降维和聚类是单细胞 RNA 测序（scRNA-seq）数据分析中的关键任务，但在目前的流程中，这两项任务被独立处理，阻碍了它们的互惠互利。最新的方法通过深度聚类联合优化了这些任务。然而，对比学习具有强大的表示能力，可以弥补普通深度聚类方法所面临的差距，即需要预先确定聚类中心。因此，我们提出了一种用于 scRNA-seq 数据分析的非均匀采样双层对比聚类方法（nsDCC）。双级对比聚类结合了实例级对比和聚类级对比，共同优化了降维和聚类。在实例级对比和聚类级对比中分别引入了多正向对比学习和单位矩阵约束。此外，还引入了注意力机制来捕捉细胞间的信息，这有利于聚类。nsDCC 通过提出的最近边界稀疏密度权重分配算法，重点关注类别边界和少数类别中的重要样本，使其能够捕捉不平衡数据集的综合特征。实验结果表明，nsDCC 在真实和模拟 scRNA-seq 数据上的表现优于其他六种最先进的方法，验证了它在 scRNA-seq 数据降维和聚类方面的性能，尤其是在不平衡数据上。模拟实验证明，nsDCC 对 scRNA-seq 中的 "丢失事件 "不敏感。最后，聚类差异表达基因分析证实了 nsDCC 结果的意义。总之，nsDCC 是分析和理解 scRNA-seq 数据的一种新方法。

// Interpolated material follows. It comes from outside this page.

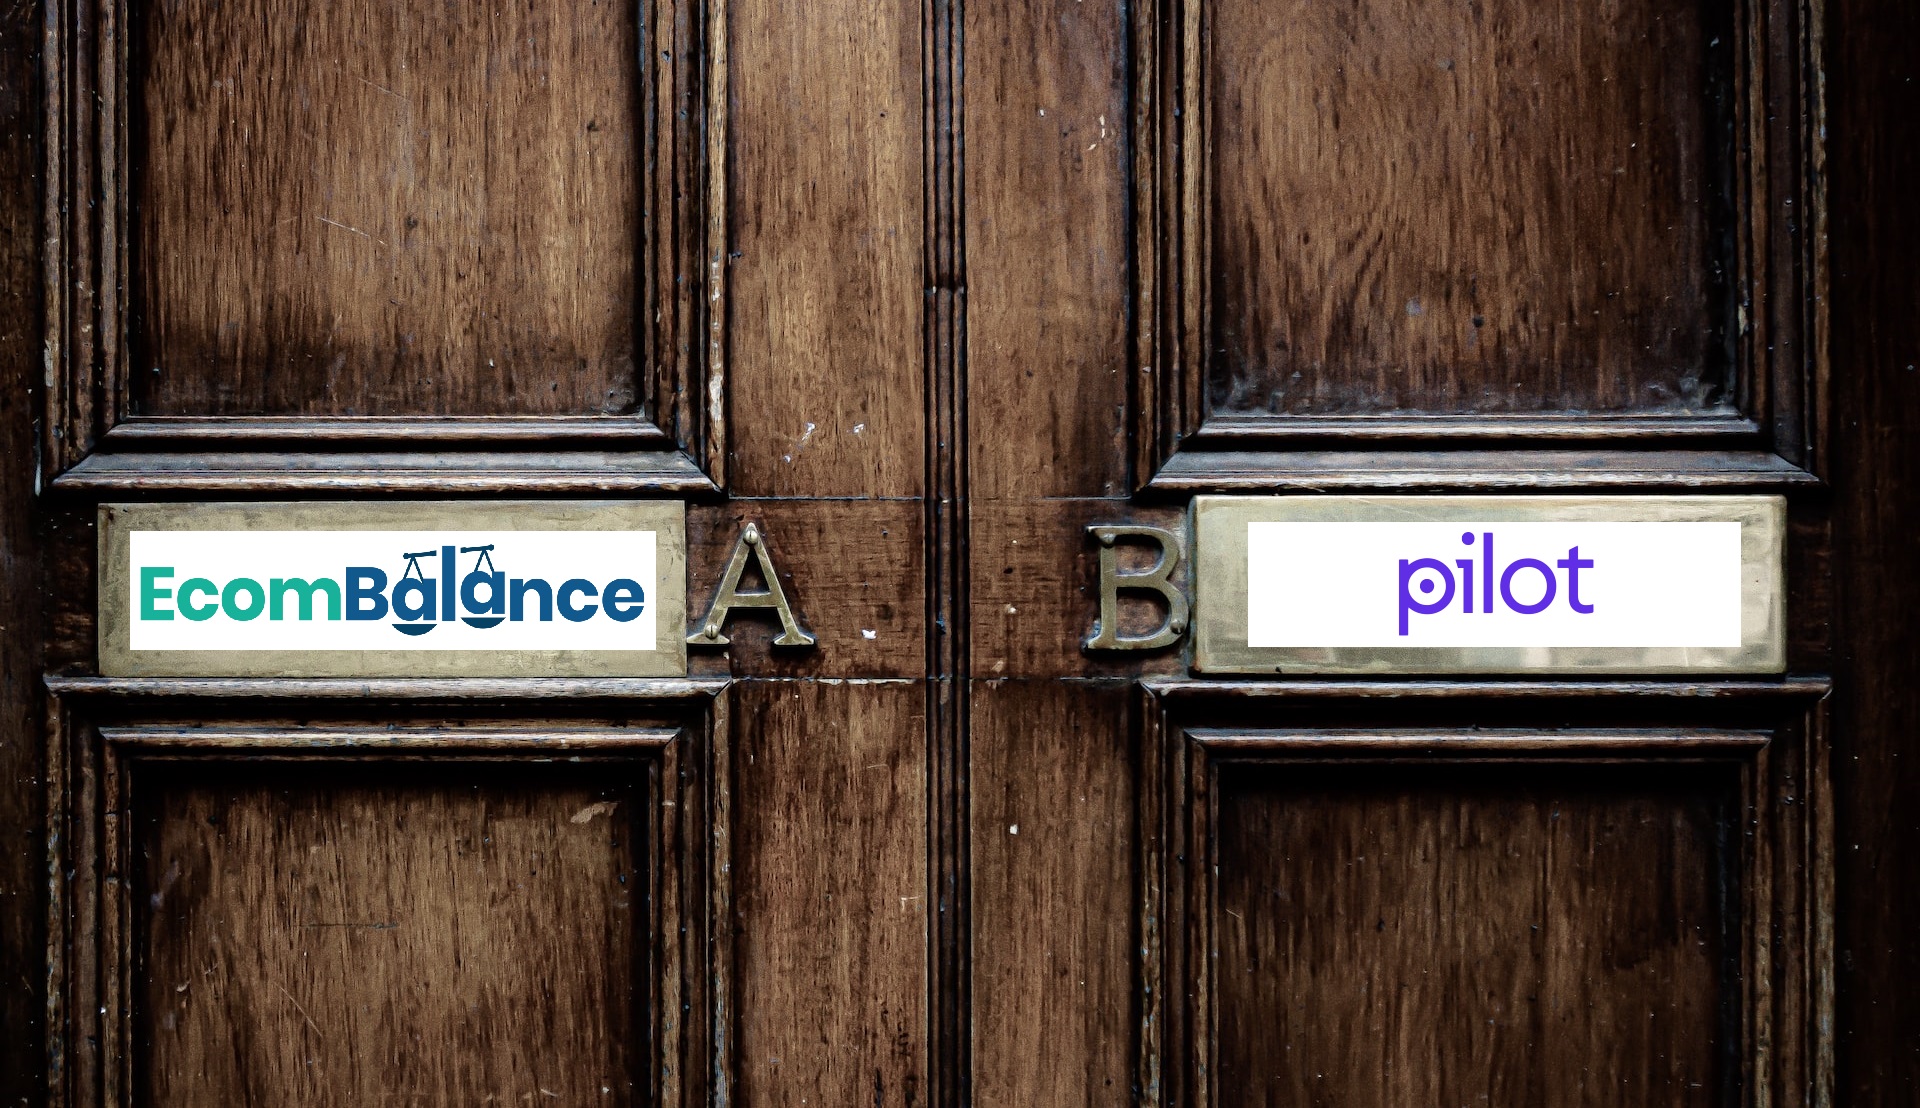 An image of two doors showing EcomBalance vs Pilot.

本文章由计算机程序翻译，如有差异，请以英文原文为准。

求助全文

约1分钟内获得全文求助全文

来源期刊

Briefings in bioinformatics 生物-生化研究方法

CiteScore

13.20

自引率

13.70%

发文量

549

审稿时长

6 months

期刊介绍： Briefings in Bioinformatics is an international journal serving as a platform for researchers and educators in the life sciences. It also appeals to mathematicians, statisticians, and computer scientists applying their expertise to biological challenges. The journal focuses on reviews tailored for users of databases and analytical tools in contemporary genetics, molecular and systems biology. It stands out by offering practical assistance and guidance to non-specialists in computerized methodologies. Covering a wide range from introductory concepts to specific protocols and analyses, the papers address bacterial, plant, fungal, animal, and human data. The journal's detailed subject areas include genetic studies of phenotypes and genotypes, mapping, DNA sequencing, expression profiling, gene expression studies, microarrays, alignment methods, protein profiles and HMMs, lipids, metabolic and signaling pathways, structure determination and function prediction, phylogenetic studies, and education and training.